§ DIRECTIONS FOR THIS TASK: Word for word, copy all the data and drop the pictures.

§ INFORMATION SHOWN:

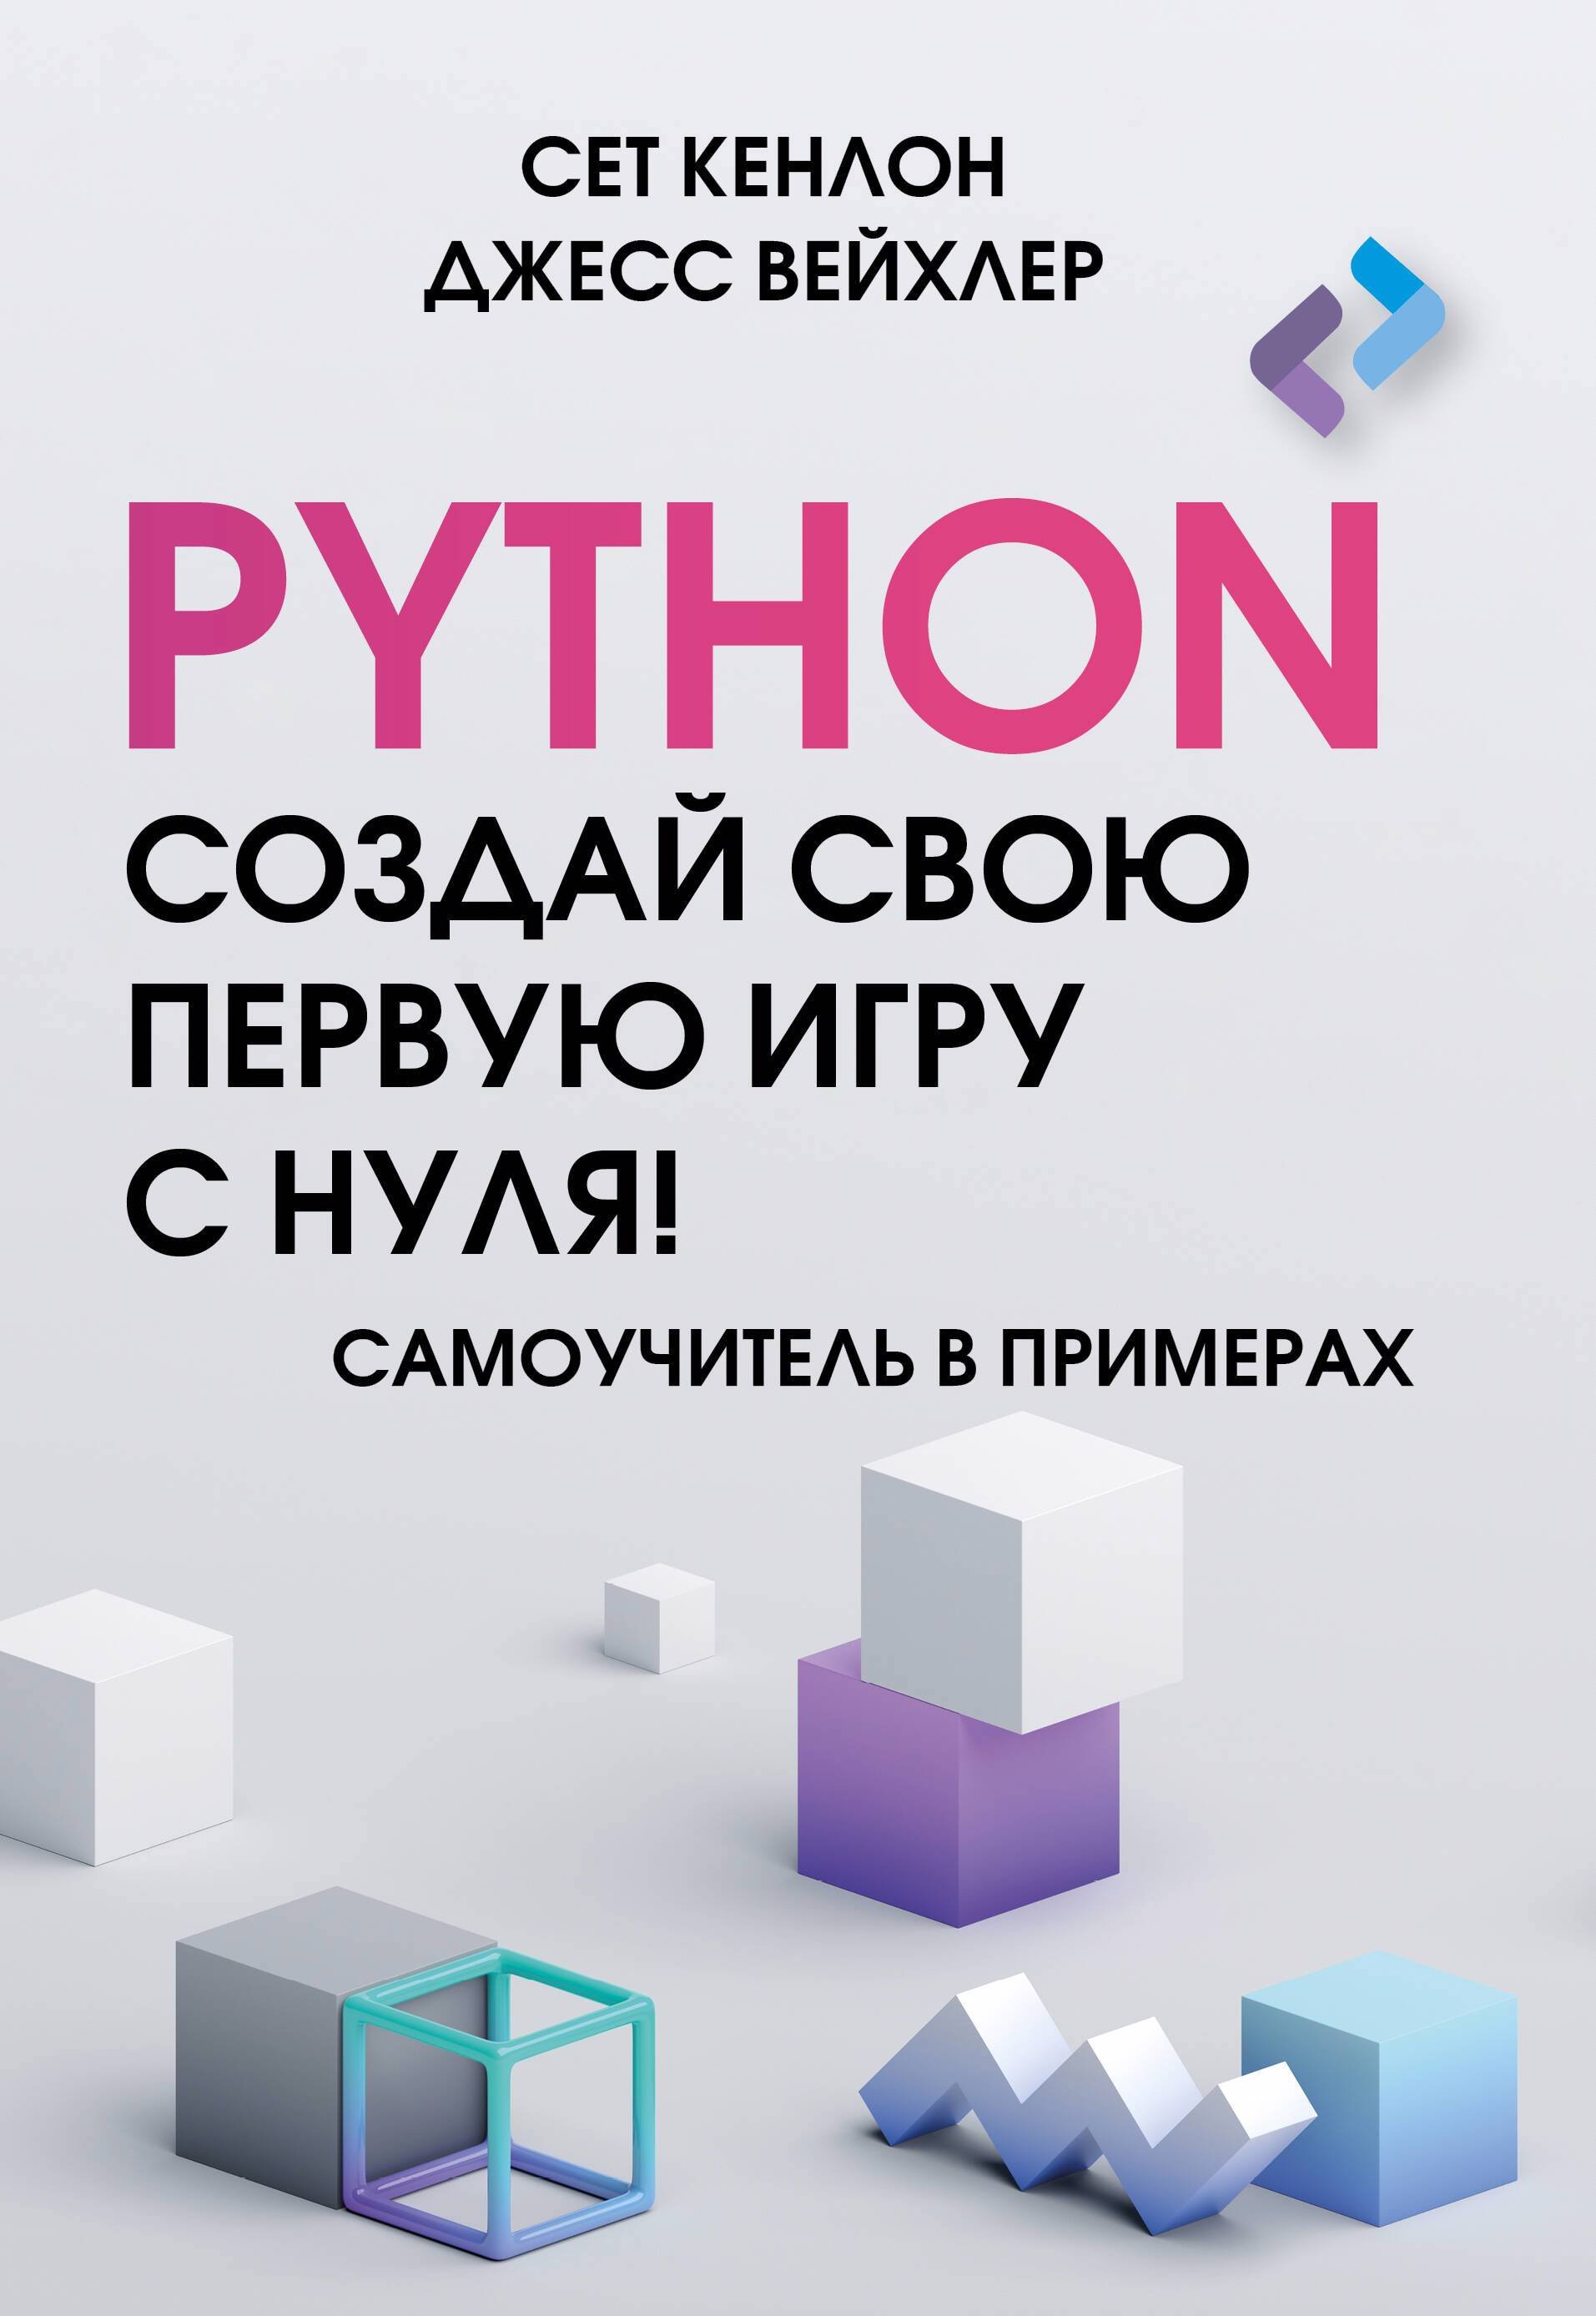      Python  !   
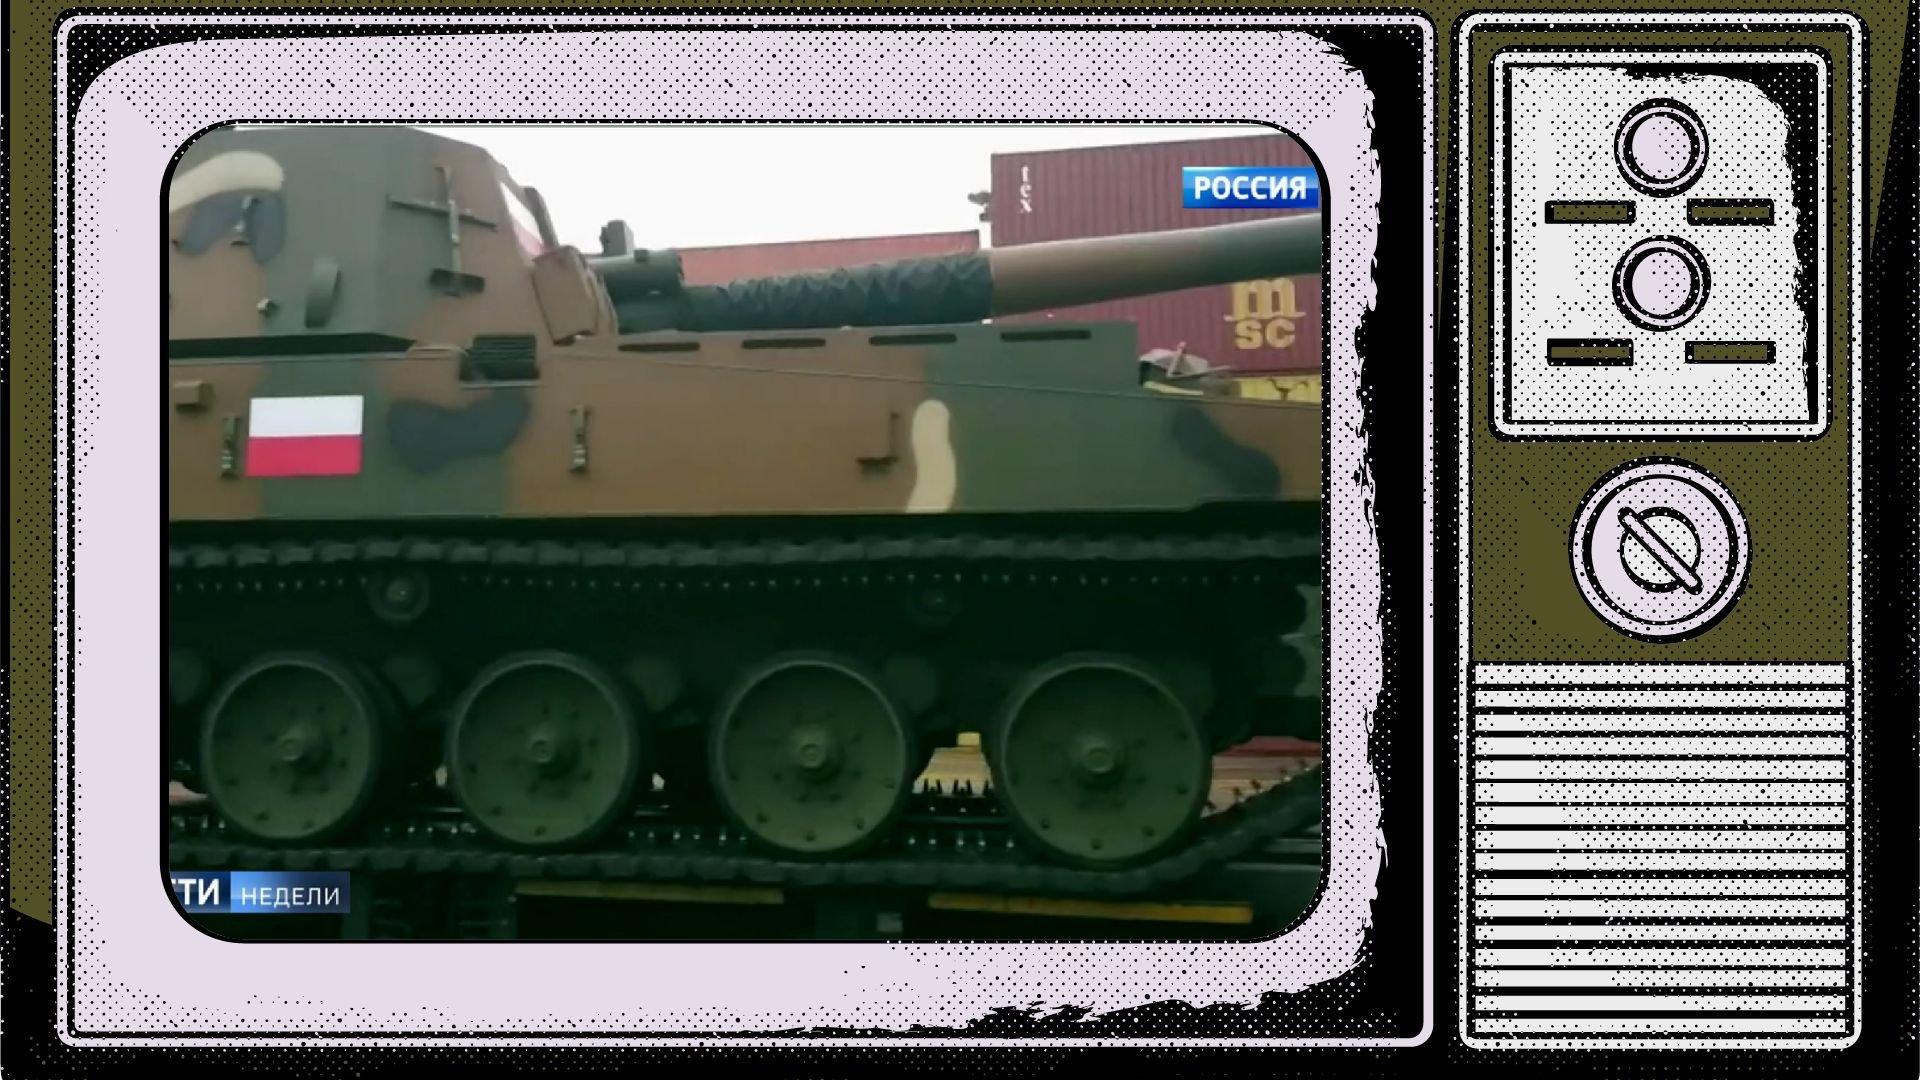 Grafika: w ekran starego telewizora wklejąne zdjęcie pojazdu wojskowego z biało-czerwoną flagą
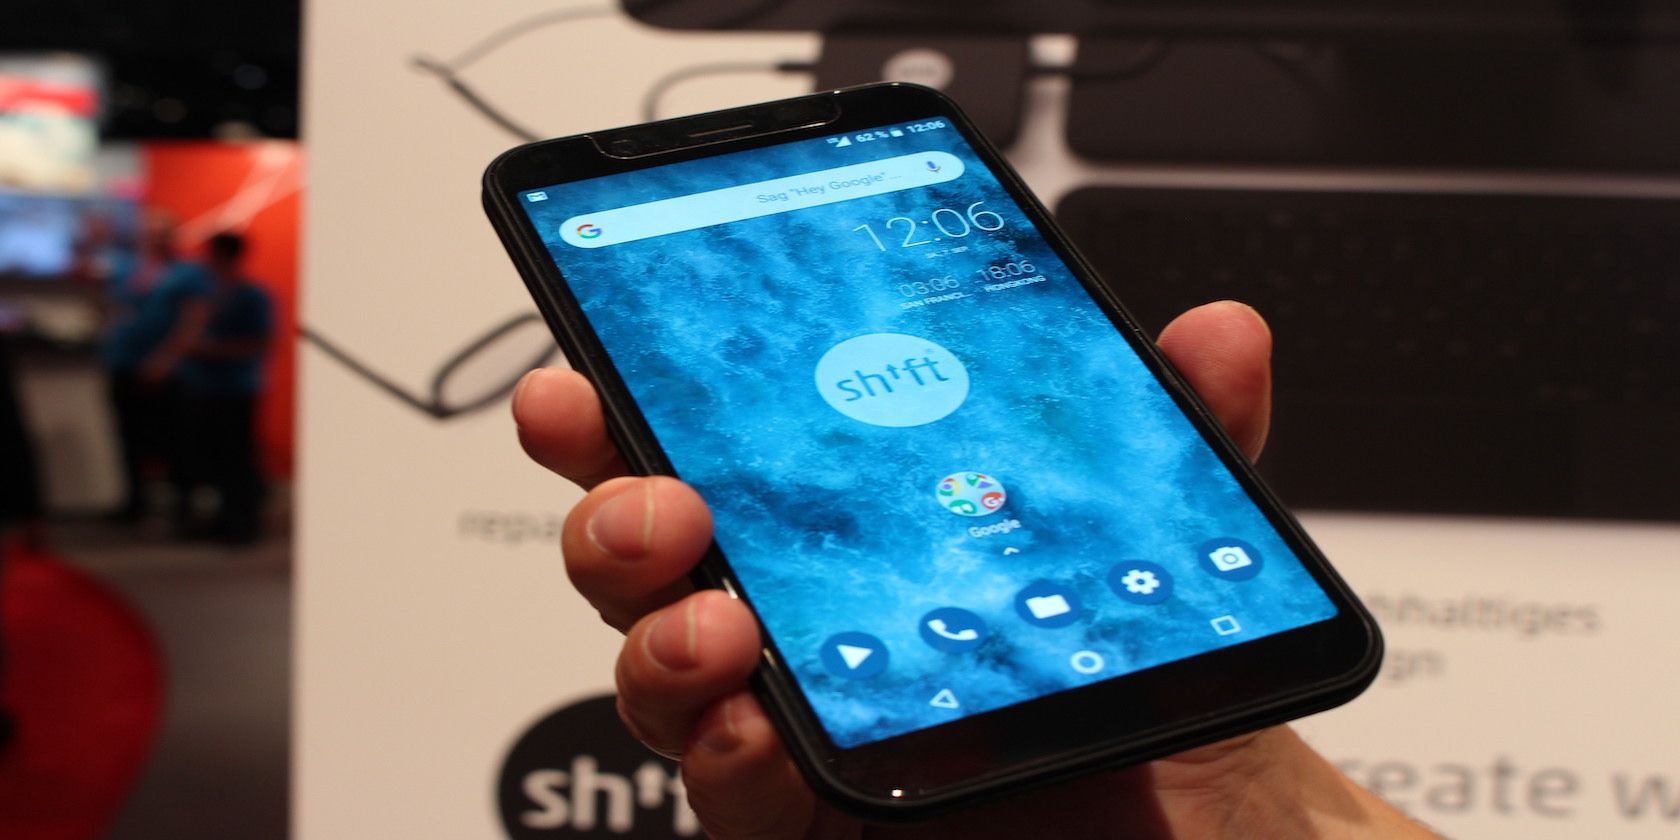 SHIFT Shiftphone at IFA 2019

§ REPLY:
      Python  !   
 Grafika: w ekran starego telewizora wklejąne zdjęcie pojazdu wojskowego z biało-czerwoną flagą
 SHIFT Shiftphone at IFA 2019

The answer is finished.